Monitoramento e transparência

Um dos pontos centrais defendidos pela CNI é o monitoramento contínuo do Plano de Biodiversidade, com a participação ativa da indústria. A confederação defende a adoção de mecanismos que garantam transparência no acompanhamento das metas estabelecidas, permitindo identificar lacunas e tomar decisões para garantir o cumprimento dos objetivos globais até 2030.

Entre as propostas, estão a participação do setor industrial no desenvolvimento dos indicadores para os relatórios nacionais, o uso de padrões voluntários de sustentabilidade e a promoção de um processo participativo envolvendo a sociedade civil, academia, povos indígenas, e diferentes níveis de governo.

Repartição de benefícios e biologia sintética

A CNI também destacou a importância da repartição de benefícios relacionados à Informação de Sequência Digital (DSI) e a necessidade de procedimentos operacionais simples e transparentes. Segundo o documento, é crucial garantir o direito de acesso e uso desses dados para não inibir investimentos em pesquisa e inovação.

Além disso, o estudo aborda a biologia sintética, defendendo que seus avanços sejam acessíveis globalmente, sem barreiras restritivas que possam inibir a pesquisa e o desenvolvimento na área. A confederação propõe incentivos para capacitação e transferência de tecnologia, especialmente para países em desenvolvimento.

Financiamento e mudança climática

Outro ponto crucial é a mobilização de recursos financeiros.
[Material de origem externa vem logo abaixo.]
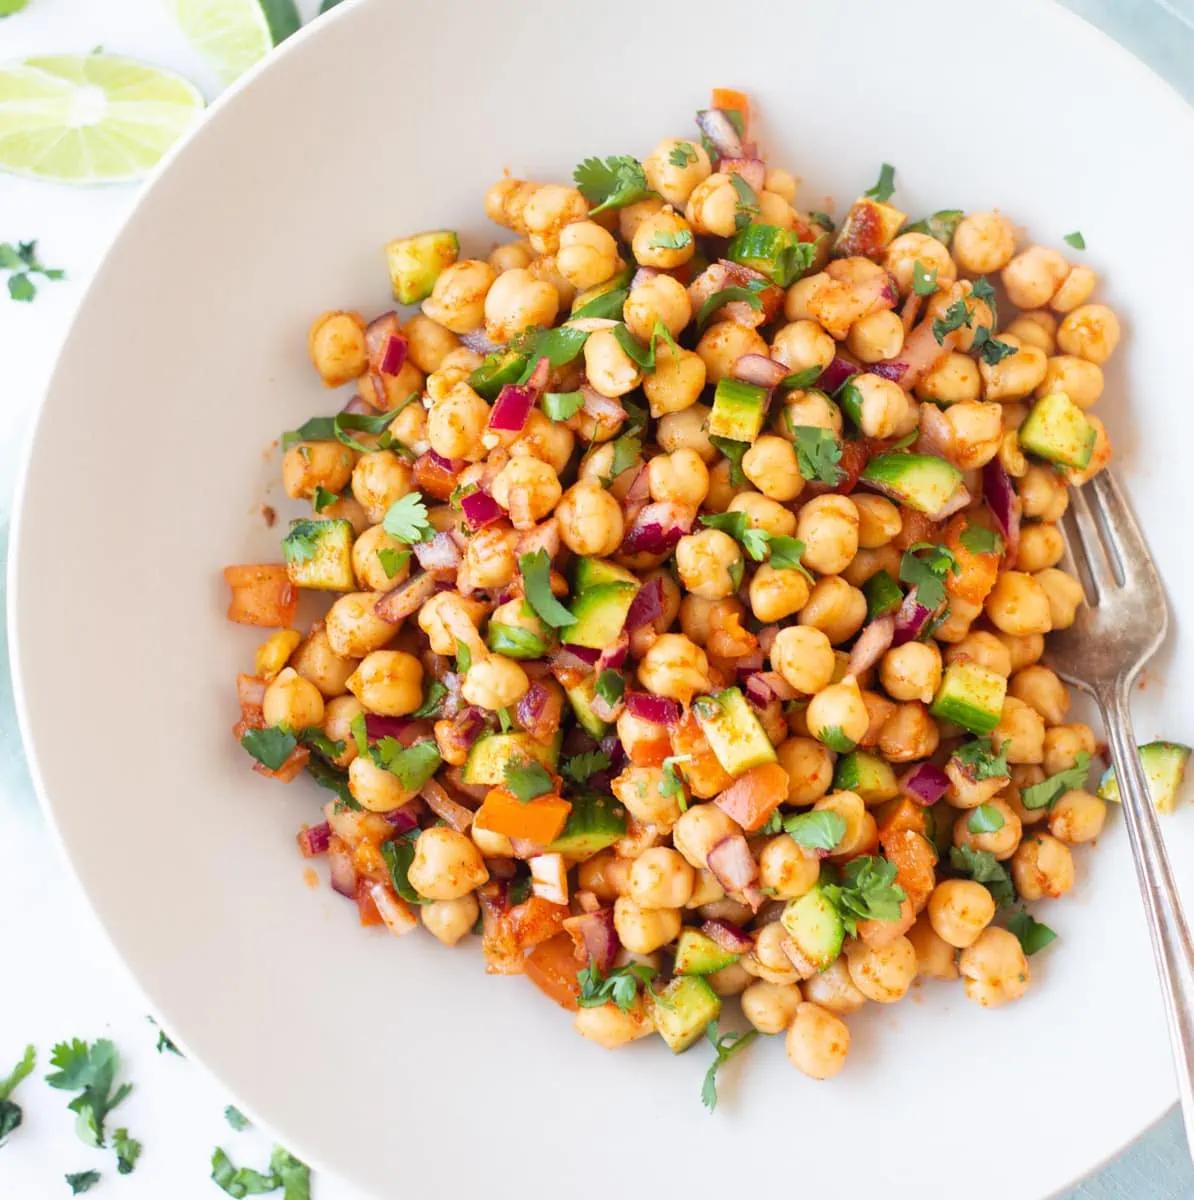 Healthy Chickpea Salad wot veggies and spices in a bowl

O documento sugere o desenvolvimento de diretrizes e boas práticas que incentivem soluções financeiras inovadoras, além de flexibilidade para integrar a biodiversidade ao financiamento privado.

Por fim, a CNI reforça a necessidade de estratégias que previnam a perda de biodiversidade e potencializem a resiliência dos ecossistemas frente às mudanças climáticas. Uma das propostas é o incentivo a sistemas agroflorestais, combinando árvores e cultivos agrícolas, e o uso de biomassa como fonte de energia renovável.

Com essas diretrizes, a indústria brasileira busca contribuir de forma significativa para a preservação da biodiversidade e o desenvolvimento sustentável, enquanto defende um papel mais ativo e colaborativo na construção de soluções para o futuro do planeta.